No.
I think me and Mr Alexander would be like oil and water on this topic.
For me this is immersion building and not doing it just helps me slowly tune out. I'm not there to passively be fed an experience. I'm there to make a story together. Give me some of the authorial control.
And as a GM, I see it as my duty to get players involved and feeling the world, caring for it. Something I wholly create is something they won't care about or feel ownership in. They might as well be watching Netflix at that point. I might as well put Netflix on and as them to give me applause for my efforts at using the remote.
The GMing advice in Daggerheart to just ask my players:
- "What does Rebecca [your PC] know about the Dachshund Gang? Who’s their leader?"
(To use one of Alexander's examples)
Well that advice solved a 40 year old problem for me that kept leading to burnout over and over again because time after time I have tried to get my players to contribute to the story and I never just thought to point blank ask them...
I know, facepalm moment... But I would go over this repeatedly in session 0s and at the beginning and end of sessions, but never in mid session did I respond after they opened a door with "Ok, what do you see in the office?"
And the first time I saw it in play in a Daggerheart game was the exact moment I knew I needed to switch from what I was doing and playing to something else.
Sure I'd already bought Daggerheart by then, I'd already decided I liked it. I already knew I wanted to play it and run it.
But that was the moment I knew I couldn't go back.
I can't look at the section of my bookshelf with D&D, GURPS, Pathfinder, and Hero system books the same way now.
I'm looking to move all that out and replace it with books from Daggerheart, Otherscape, and maybe some good PBtA games once I find them.
But back to point:
- "Robert, tell me what the name of the mountain is."
That's shared worldbuilding right there. That's how you go from "hey guys, heres my 1023 page manifesto on the NobodyCares Isles and the last 73 generations of who begat who because I think Tolkien's Silmarillion was too easy..." to "Ok, its your game as much as it is mine, the lore here - that's your character's story that you contributed. Is it going to win us a prize in literature? No. But it's ours and we can enjoy the WeAllCare Isles together."
- "You open the door and see Madame DuFerber’s bedroom. What does it look like?"
You think I'm going to spend 11 hours working on the design patterns of Madame's lingerie... I'm not a 16 year old boy anymore... So no. But hey... you can always tell us when I ask you what's in her room... and if that matters, then that's where our story is going now.
- Okay, you find some juicy blackmail on Mayor McDonald. What is it that he’s done? What evidence do you find?
This one's just me saying "hey guys, you do realize the last time I tried to write the plot we spent 3 months chasing after some random lady who's name I pulled off a 'fabric patterns' list and then tried to make villain powers out of and the clone of Bob Marley and it all stopped being funny five minutes in... it's your turn. What's the story you actually want us to be doing here?

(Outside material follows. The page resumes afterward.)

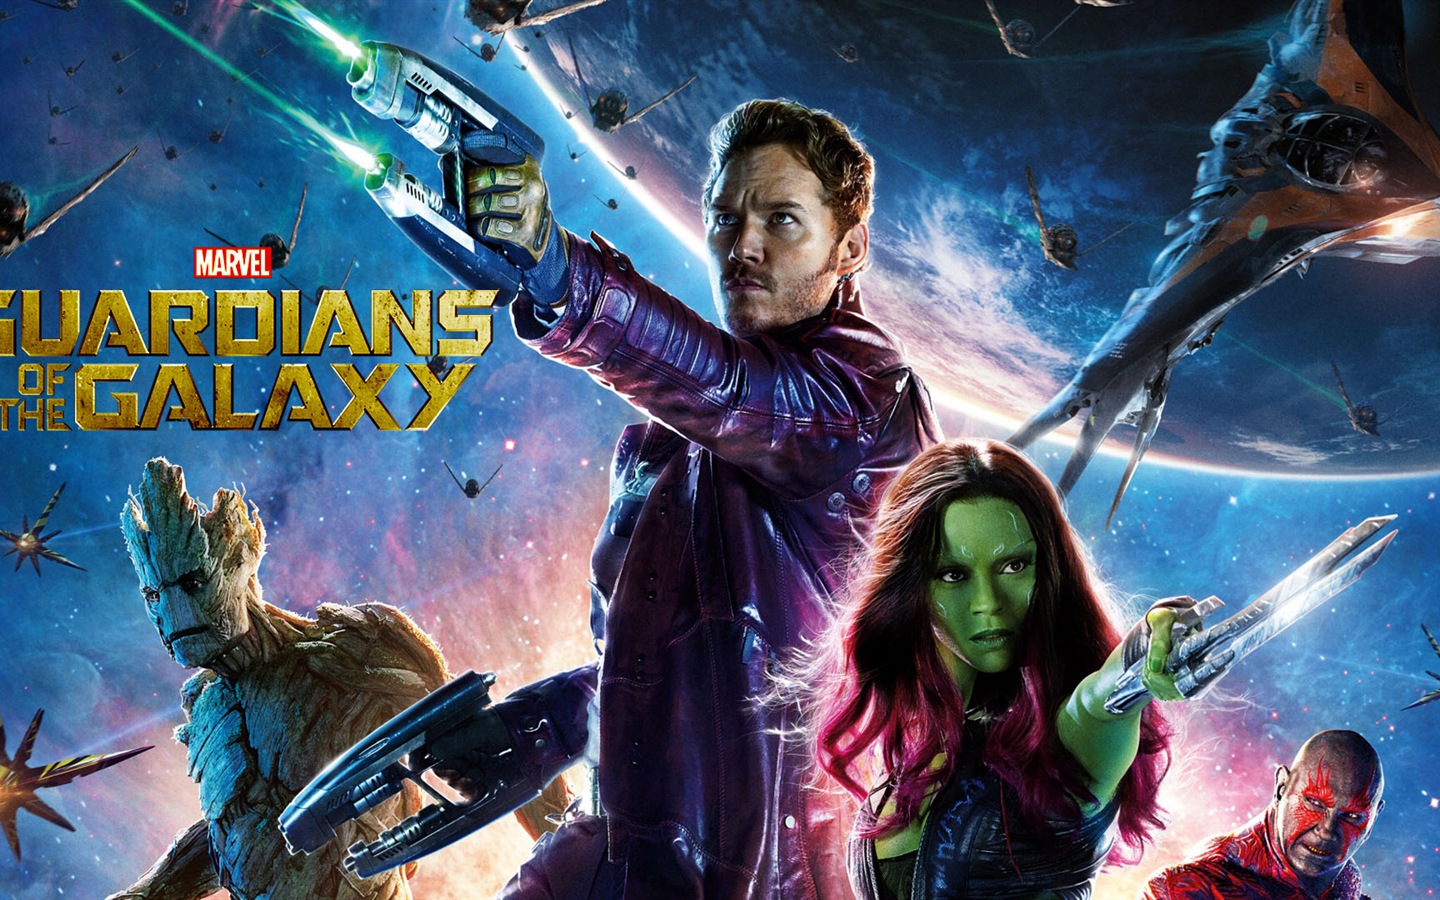 Guardians of the Galaxy 2014 HD movie wallpapers #15 - 1440x900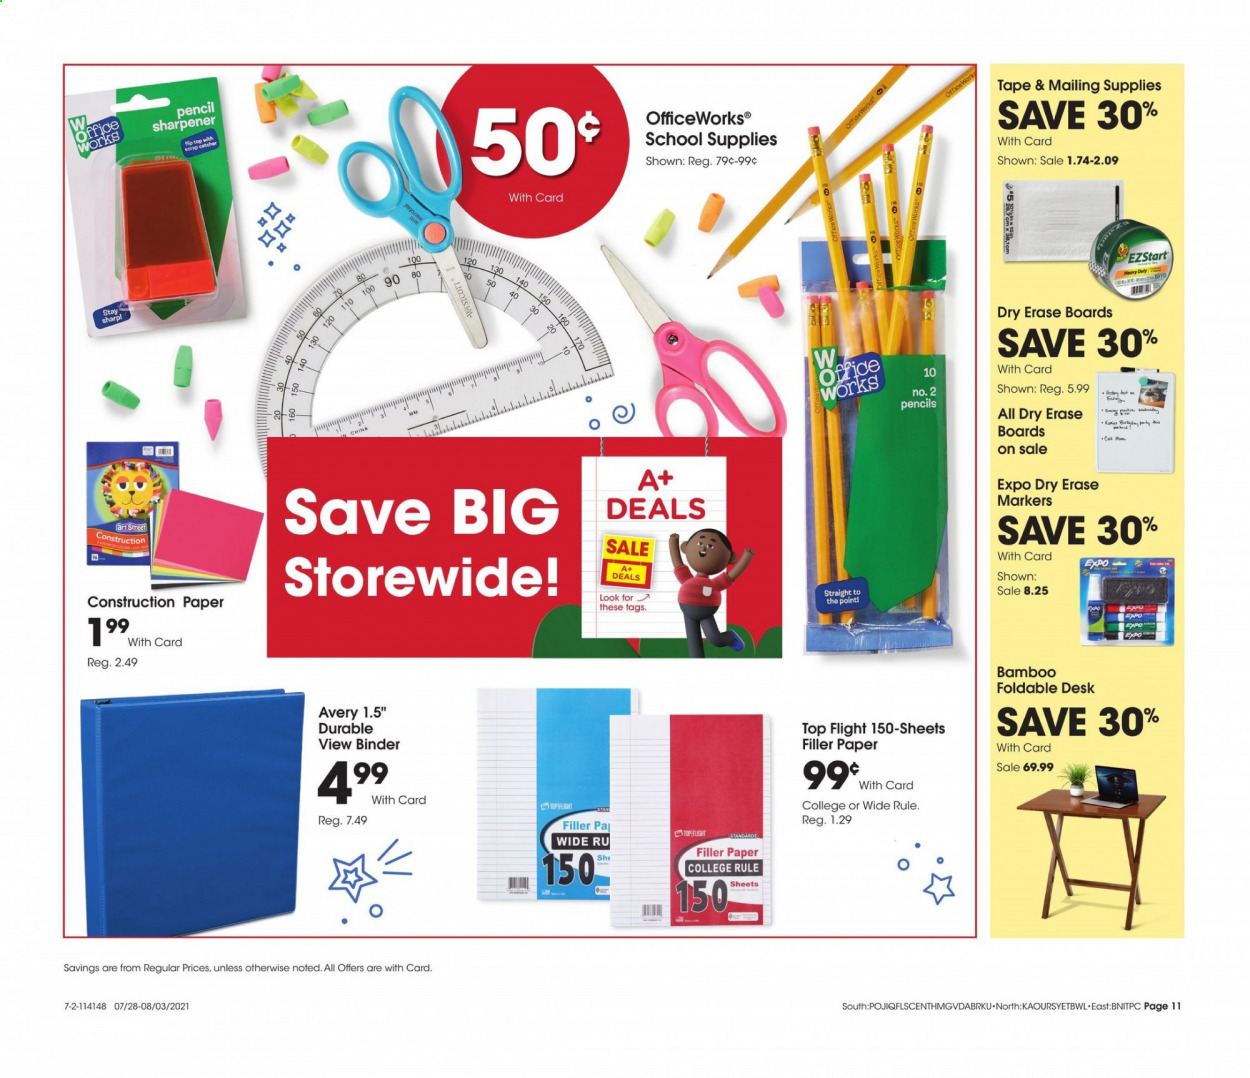 Fred Meyer ad  - 07.28.2021 - 08.03.2021.

Yes... that villain, Paisley, was an actual super villain in my final attempt to run Mutants and Masterminds 20 years ago. I still don't know what her powers were and thankfully I managed to avoid having her in a fight longer than the game lived so I never had to figure it out.
If only I'd have just thought to ask my players "What's the name on card you found at the scene and how does it relate to someone you once had to fight". My players back then actually had lists for me. But I thought it was supposed to be only my job to deliver that stuff and never let them break the 4th wall.
"description on demand" is, for me, the "best thing since sliced bread" for tRPGs. Not that I've found a use for sliced bread in a tRPG... yet. But if I can make villain names as bad at Paisley... then just wait till I have to do a game without 'description on demand' and you'll get your sliced bread.
Sure sometimes I'll have a plot that isn't pulled off a random list of fabric patterns and actually works. But even then 'description on demand' is great for filler and bringing that plot closer to the player's imaginations.